Yeah, they came out in 2009, and only sent 10 to the USA. I would guess there are more here, given the penchant we all have for buying JDM stuff. They’re a weird fish, which is why you’ll see some of these pop up for sale, and sit untouched, and eventually sell for low. And then there are people like me that will pay a good deal. List price was $2100 when they came out, and I got this for $1950 shipped. Which is, as I said, more than I should have spent, but I didn’t want to sit around hoping it wouldn’t sell.


----------



## MaxOfMetal (Sep 23, 2021)

Congrats!


----------



## Noodler (Sep 23, 2021)

Hollowway said:


> I’ve been wanting one of these crazy beasts for a looooooong time. One finally popped up on reverb Sunday, so I snapped it up. I way overpaid ($650 more than the one listed for $1175 A MONTH AGO. I don’t know how the fudge I missed that. I mean, I’m on reverb like it’s my job, and I’m following “sr7viisc” so you’d think I would have seen that one, and this would be about that. But I missed it.) but I didn’t want to wait around for these one of rarities to pop up again. I guess I’ve had enough good deals that I can afford to take one in the pants every once in a while.
> 
> 
> Anyway, for those who don’t know, this is a 30” 7 string bass (tuned like a 7 string guitar, but down an octave) with 11 mm string spacing, a jazz middle pup, and two Jax bridge pups wired as a humbucker. It’s suuuuuuper cool! I have zero idea what I’m going to do with it, but I love that it exists, and I have always wanted one. Here are the seller’s pics (because I literally just got it a few hours ago, and tuned it back up).



But does it Djent? lol

In all seriousness though, that's an amazing find! I thought the headstock on my SR406 was cramped... lol

Congrats man!


----------



## Hexer (Sep 23, 2021)

conrats! That's an interesting bass... or... guitar.... or whatever it is 

No seriously: as a bass it wouldn't be my thing but it's definitely a cool instrument and I'd absolutely try it out if I got my hands on one! Nice score!


----------



## Winspear (Sep 23, 2021)

WOW dude what a score! Congrats.


----------



## CanserDYI (Sep 23, 2021)

Duuuude congrats, very very cool. That bridge is very unique!
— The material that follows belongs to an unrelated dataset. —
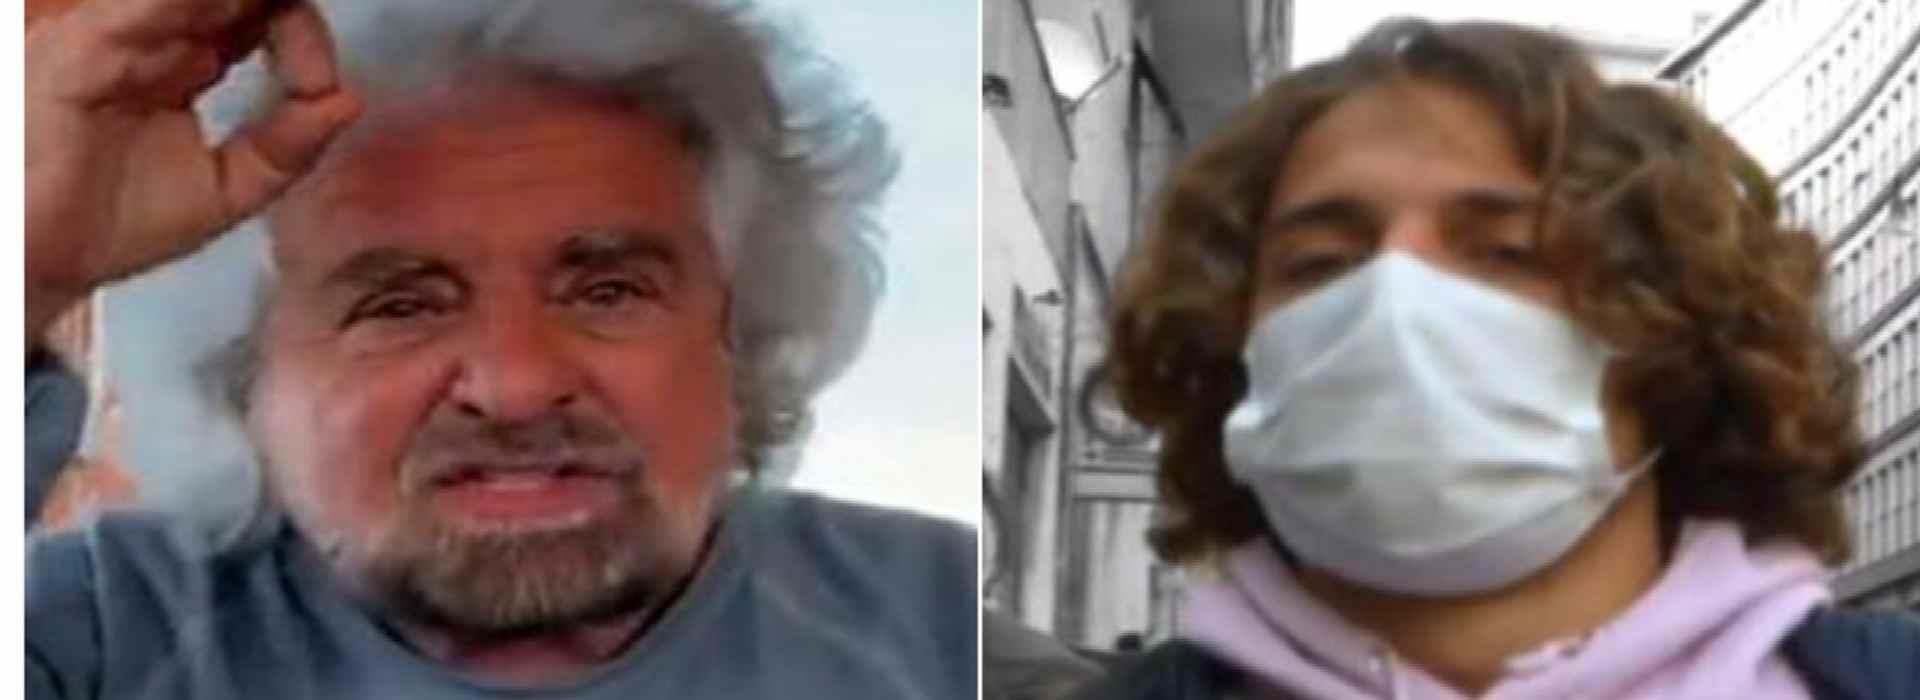 Ciro Grillo, il quadro si fa grave per gli indagati

Also, one of the only instances I've ever seen that I can say a painted neck that's bolted on doesn't look weird!


----------



## odibrom (Sep 23, 2021)

I vaguely remember seeing this advertized and thinking "wtf? Who is going to play it? Hardware is all custom, changing pickup, finding strings it will be a pain..."

... but also thought it to be a cool looking instrument...
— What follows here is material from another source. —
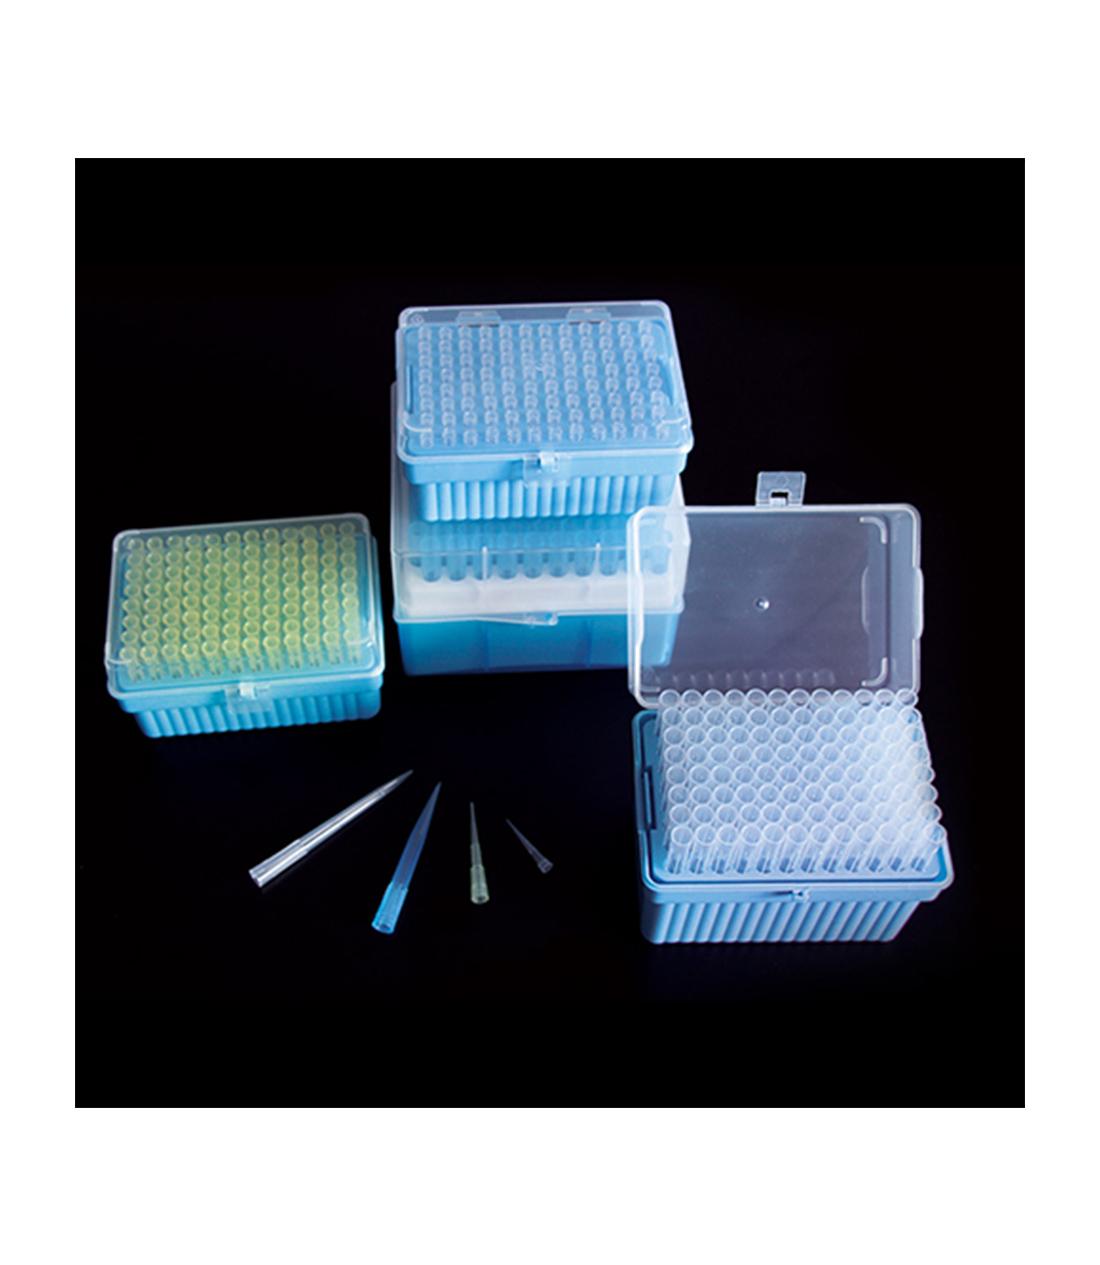 PONTEIRAS PARA MICROPIPETA COM RACK 10 MICROLITROS - Biologix - Cód. 21-0010

Nevertheless, congrats on getting it. Please acknowledge that you are now bound by contract to supply us with a full review video with different sound demos and applications... no pressure...


----------



## Scordare (Sep 23, 2021)

Dude, I’m so jealous!! I have wanted one of these since they first came out. You have a Zeus 7 bass too, right? I have a Galveston 7 I tune like a guitar and it’s a blast to play.


----------



## Hollowway (Sep 23, 2021)

Scordare said:


> Dude, I’m so jealous!! I have wanted one of these since they first came out. You have a Zeus 7 bass too, right? I have a Galveston 7 I tune like a guitar and it’s a blast to play.
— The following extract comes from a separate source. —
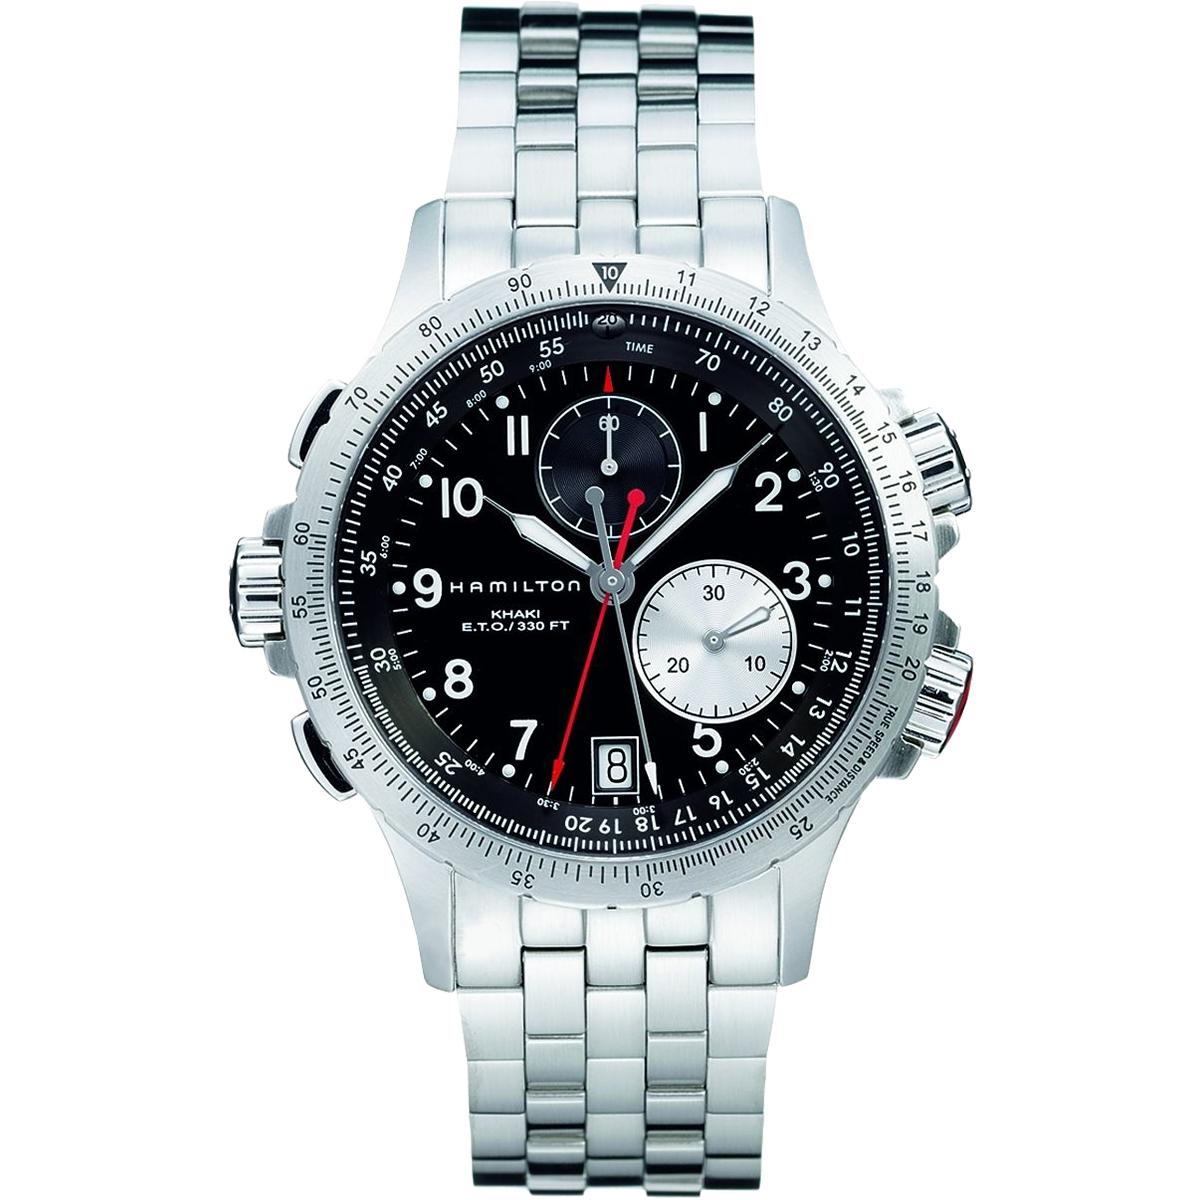 【全品送料無料】 HAMILTON ハミルトン H77612133 メンズ レディース 腕時計 プレゼント おしゃれ

Yeah, I picked up an in-stock ZBM7 a few weeks ago. I have that tuned in 4ths, but maybe I should tune it like a guitar! 

It'll, be interesting figuring out a cool use case for this. It's funny that nearly every one I've seen come up for sale have been in excellent condition. I take that to mean that people never played them much (and certainly not live) because they are so odd. 

I mainly can't wait to tell someone I play lead on a 7 string tuned to B0, and have them say, "hurr durr, why don't you just get a bass," and I will say, "It is a bass."


----------



## Hollowway (Sep 23, 2021)

Winspear said:


> WOW dude what a score! Congrats.


As a fellow lover of odd, low tuned instruments, I figured you'd think this was a cool one!


----------



## LordCashew (Sep 24, 2021)

Dude, that’s super cool! I also want to see a demo video, with djenting obviously. 

Where’s the ZBM7 NGD anyway?


----------



## InfinityCollision (Sep 24, 2021)

You must have snagged this one instantly lol, don't think I even got a message for it. Nice score. Wish they'd make more of these, they so rarely pop up anywhere.


----------



## Hollowway (Sep 24, 2021)

InfinityCollision said:


> You must have snagged this one instantly lol, don't think I even got a message for it. Nice score. Wish they'd make more of these, they so rarely pop up anywhere.


Yep, within an hour or so. Did you see the one that sold for $1175 last month? Apparently that was up for a few days. It was labeled correctly, but it never showed up on my feed.


----------



## Sermo Lupi (Sep 24, 2021)

Well done! It's always heartening to read White Whale stories. There's usually a lot of patience and waiting hidden behind the payoff.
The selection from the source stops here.